OTTAWA -- A new special parliamentary committee created to examine Canada's fraught relationship with China is holding its first meeting in Ottawa.

The committee's creation was the result of a Conservative motion passed in December, thanks to support from other opposition parties in the minority Parliament.

The motion authorizes the committee to order the prime minister, Foreign Affairs Minister Francois-Philippe Champagne, Public Safety Minister Bill Blair and Canada's ambassador to China, Dominic Barton, to appear as witnesses "from time to time as the committee sees fit."

Conservative foreign affairs critic Erin O'Toole said in December the committee will work to address Canada's current diplomatic dispute with China and help develop a specialized approach to easing the bilateral challenges between the two nations.

Thirteen months ago, China detained two Canadian citizens, Michael Spavor and Michael Kovrig, who remain imprisoned without access to lawyers or their families.

The move has been widely seen as retaliation for Canada's arrest of Huawei executive Meng Wanzhou at the behest of the United States, which wants to extradite her on fraud charges related to U.S. sanctions against Iran.

The all-party Canada-China relations committee convened Monday afternoon and was dealing with a series of procedural issues.

Before the meeting, Conservative deputy leader Leona Alleslev said Canada's ambassador to Canada, Dominic Barton, told her in an email that he is "ready and willing" to testify.

She said it was important that he testify first because he could help the committee understand the government's strategy towards China.

Liberal MP Rob Oliphant, the parliamentary secretary to the minister of foreign affairs, said government MPs on the committee want to work constructively with the opposition.

"We will operate in good faith," he told reporters before the meeting. "We have Canadian lives at stake, and we're going to take that very seriously."

The meeting comes as Meng's extradition hearing begins in Vancouver.

China's foreign ministry reiterated its call for Canada to release Meng.

"The U.S. and Canada abused their bilateral extradition treaty and arbitrarily took compulsory measures against a Chinese citizen without cause," said spokesman Geng Shuang, according to translated remarks on his ministry's website.

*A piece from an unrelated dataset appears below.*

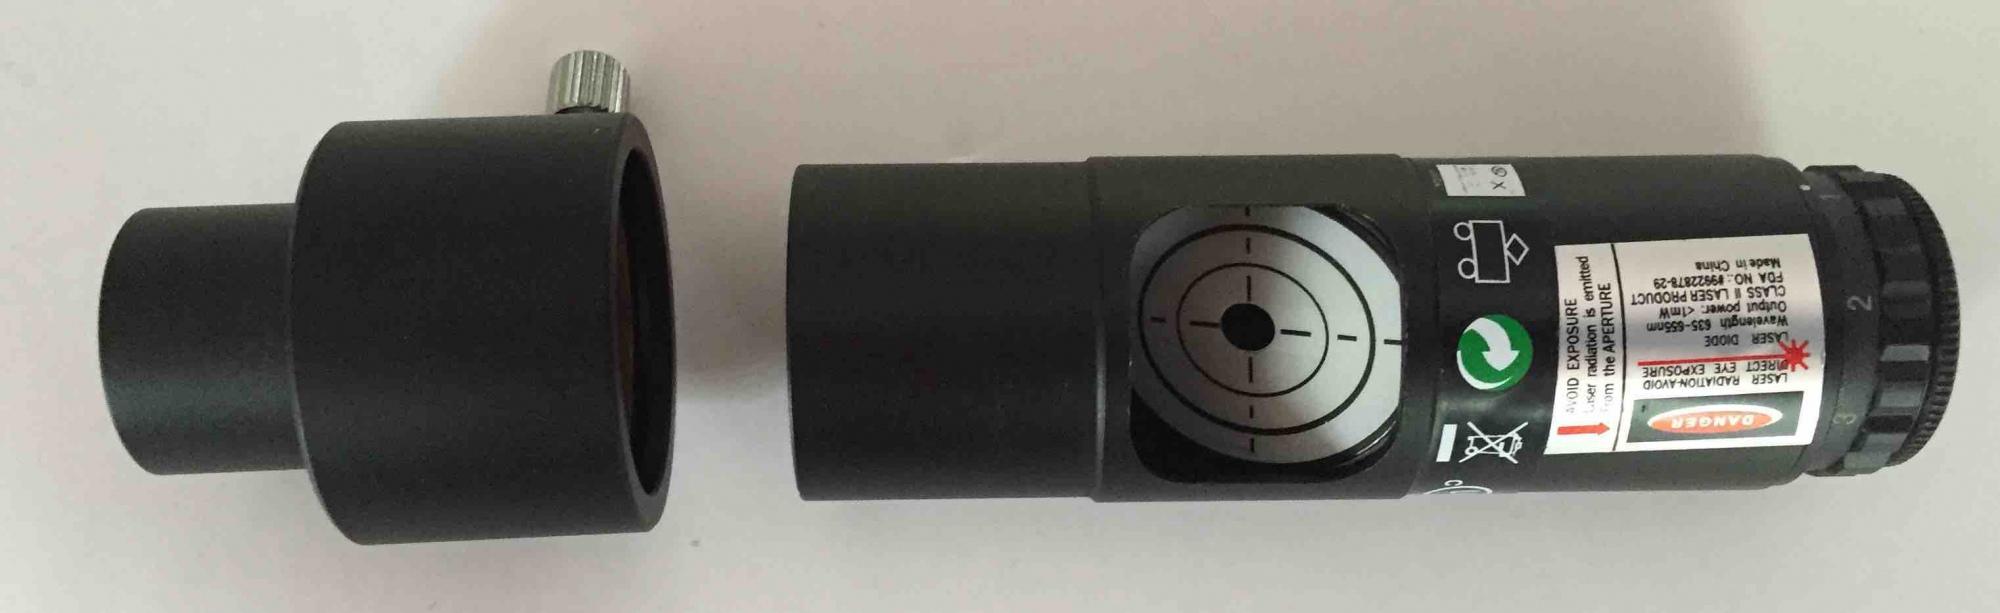 laser.thumb.jpg.8e5f2b1662ef9bfc32b93f6732c6a496.jpg

"This is entirely a serious political incident that grossly violates the legitimate rights and interests of the Chinese citizen."

Meng is free on bail and living in one of her two multimillion-dollar homes in Vancouver.

Chrystia Freeland, the deputy prime minister, said Monday that the well-being and release of Kovrig and Spavor is a "clear priority" for the Liberal government.

"That is at the heart of all the work we are doing and rightly so," she said in Winnipeg, where she was attending the Liberal cabinet retreat.

Then she defended how the Liberal government has handled the Meng case.

"Our government has been clear that we are a rule of law country and that we honour our extradition treaty commitments," she said.

"That is what we need to do and that is what we will do."